Our multivariable analysis agreed with previous studies in terms of factors associated with AKI, including male sex, preoperative use of beta-blockers, low serum albumin level, and colloid administration. Albumin is known to have a renoprotective effect, mediated by antioxidant and anti-inflammatory properties22,23. Moreover, it functions as a reservoir for signalling molecules and donors of nitric oxide (NO) that enhance the renal blood flow and GFR by dilating vessels and improving renal function24. Furthermore, albumin tends to improve the microcirculatory performance that supports the maintenance of major organ functions25. Thus, both preoperative and postoperative hypoalbuminaemia are major risk factors for AKI in many previous studies18,26,27,28. Although controversial, beta-blockers have similar effects to albumin on renal function. Despite the concerns about haemodynamic effects including a decrease in renal blood flow, several beta-blockers are known to mitigate renal injury by antioxidant properties or activating NO synthase. Several animal studies have reported that beta-blockers reduce the severity of AKI or have renal protective effects29,30,31. However, Le Manach et al. reported that the use of preoperative beta-blockers was associated with an increased frequency of renal failure because beta-blockers limit the increase of compensated cardiac output when major blood loss occurs32. In a number of studies of the effects of beta-blockers on advanced liver diseases, patients receiving beta-blockers had a high probability of developing AKI, and this was related to the inhibited cardiac compensatory reserve33,34. These harmful effects of beta-blockers could be related to renal hypoperfusion35. Furthermore, beta-blockers are recommended as third-line antihypertensive agents in patients with proteinuria according to the Kidney Disease Outcomes Quality Initiative (K/DOQI) guidelines36. Thus, the effectiveness of beta-blockers against postoperative AKI among patients in normal haemodynamic states after minor surgery remains unclear. Further studies are required to clarify the effects of beta-blockers on renal function.

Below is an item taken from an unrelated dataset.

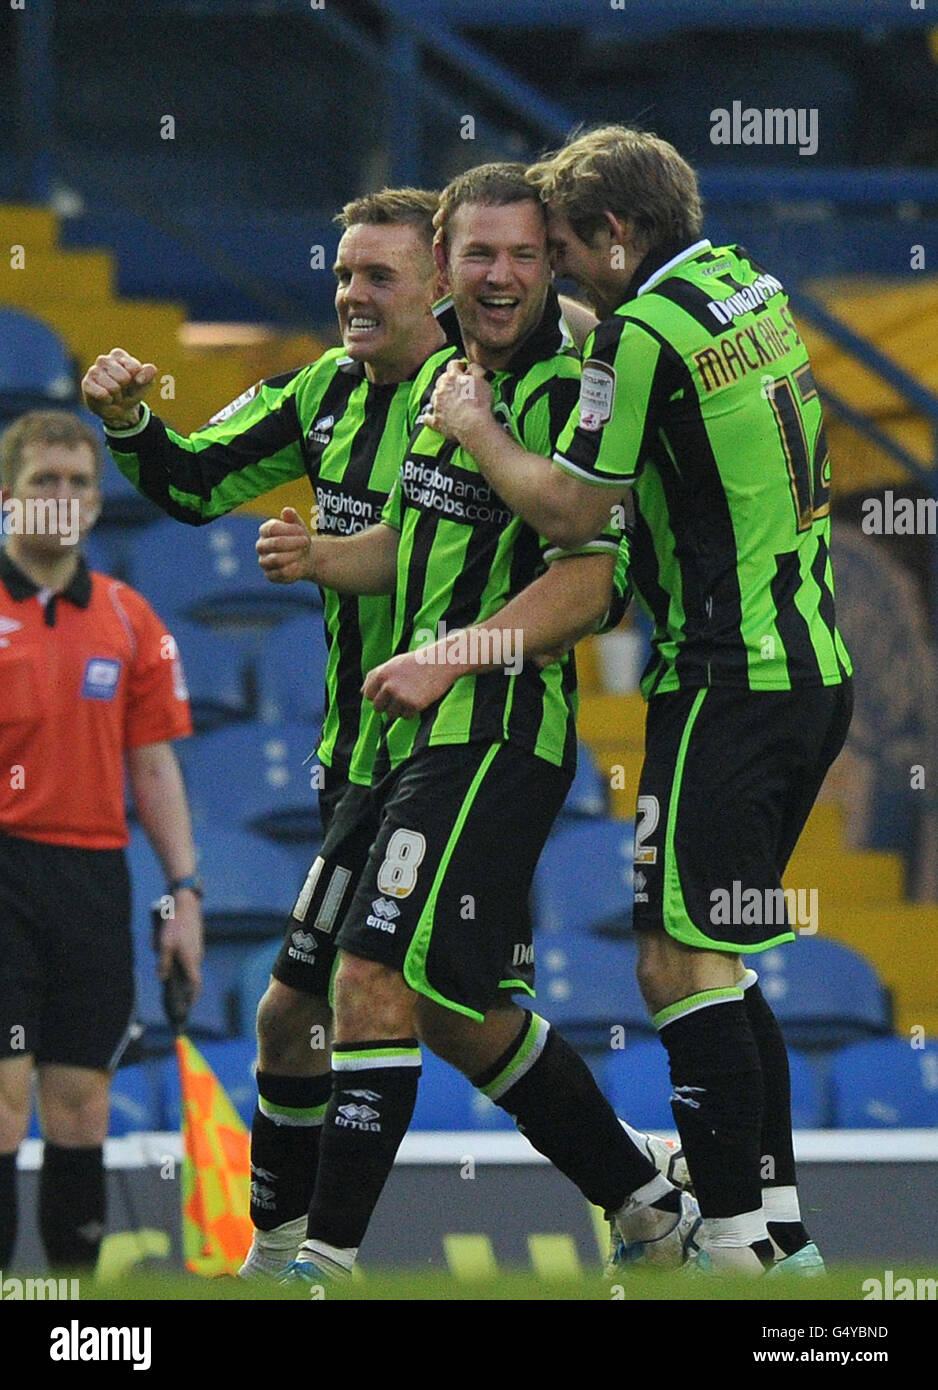 Brighton & Hove Albion's Alan Navarro is congratulated on scoring the winning goal during the npower Football League Championship match at Elland Road, Leeds. Stock Photo
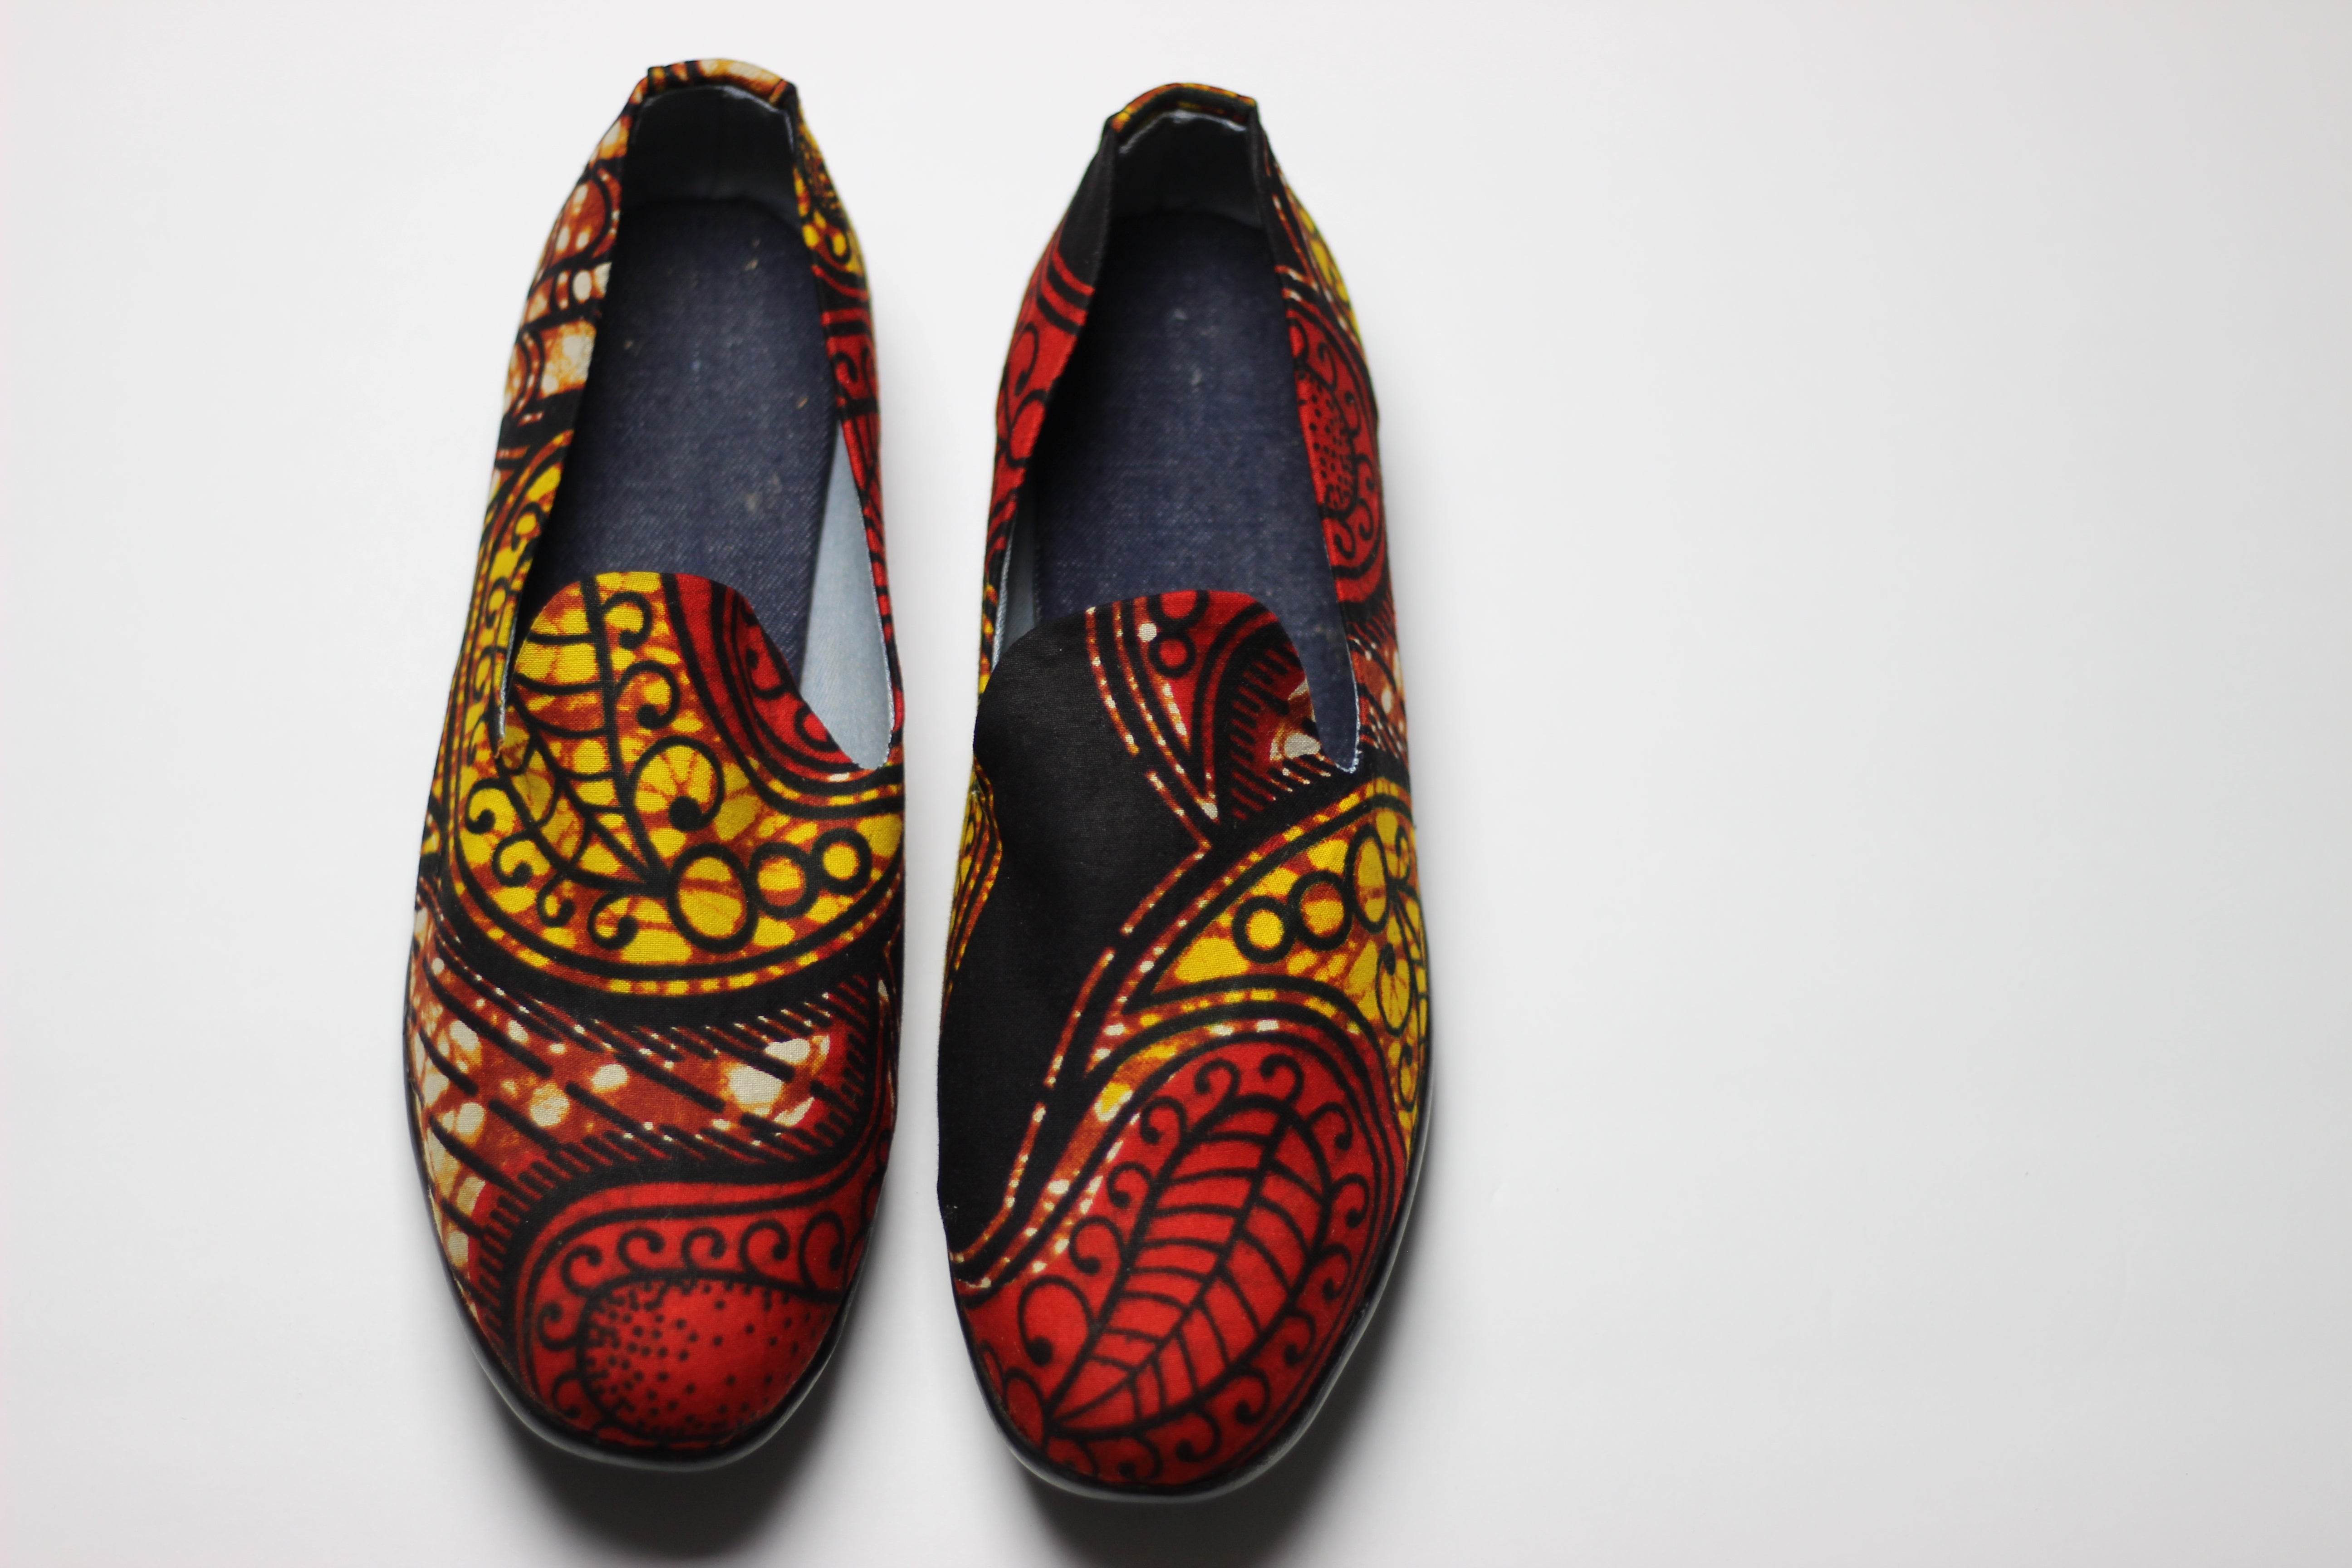 African Print /Ankara Flat Shoes /Loafers(slip ons) - Red,Yellow and Brown Floral Print. - Africas Closet

The detrimental effect of colloid administration on renal function remains a major concern. The oncotic force of these solutions may decrease renal filtration pressure, and this may inhibit renal function37. Another potential pathologic mechanism involves renal interstitial proliferation, macrophage infiltration, and tubular damage contributing to hydroxyethyl starch-induced nephrotoxicity38. Previous studies have shown the adverse renal effects of colloid administration in critically ill and septic patients39,40, although sufficient evidence on this topic is not available for healthy patients under perioperative care. A retrospective study of 174 patients who underwent orthotropic liver transplantation showed a higher incidence of AKI after colloid administration as compared to albumin administration41. In contrast, another study showed no association between intraoperative colloid administration and increased AKI risk after living donor hepatectomy42. Despite the relatively healthy patient characteristics in the present study, colloid administration was associated with AKI after thyroidectomy. However, additional studies with a randomized, controlled design are needed to clarify the findings regarding the nephrotoxicity of colloid administration in surgical patients.
The prevalence of underlying diabetes mellitus was higher in the AKI group, but it showed no statistical relationship with AKI following multivariable analysis. Diabetes is also known as one of the risk factors of for postoperative AKI; and this association is thought to result from the possibility of pre-existing CKD43. This may affect our results because we excluded patients with CKD. Additionally, the development of postoperative AKI is related to the type of operation. Previous reports about the relationship between diabetes and postoperative CKD showed inconsistent results varying by procedure44. Lastly, the low incidence of postoperative AKI in our study may have affected the multivariable analysis findings.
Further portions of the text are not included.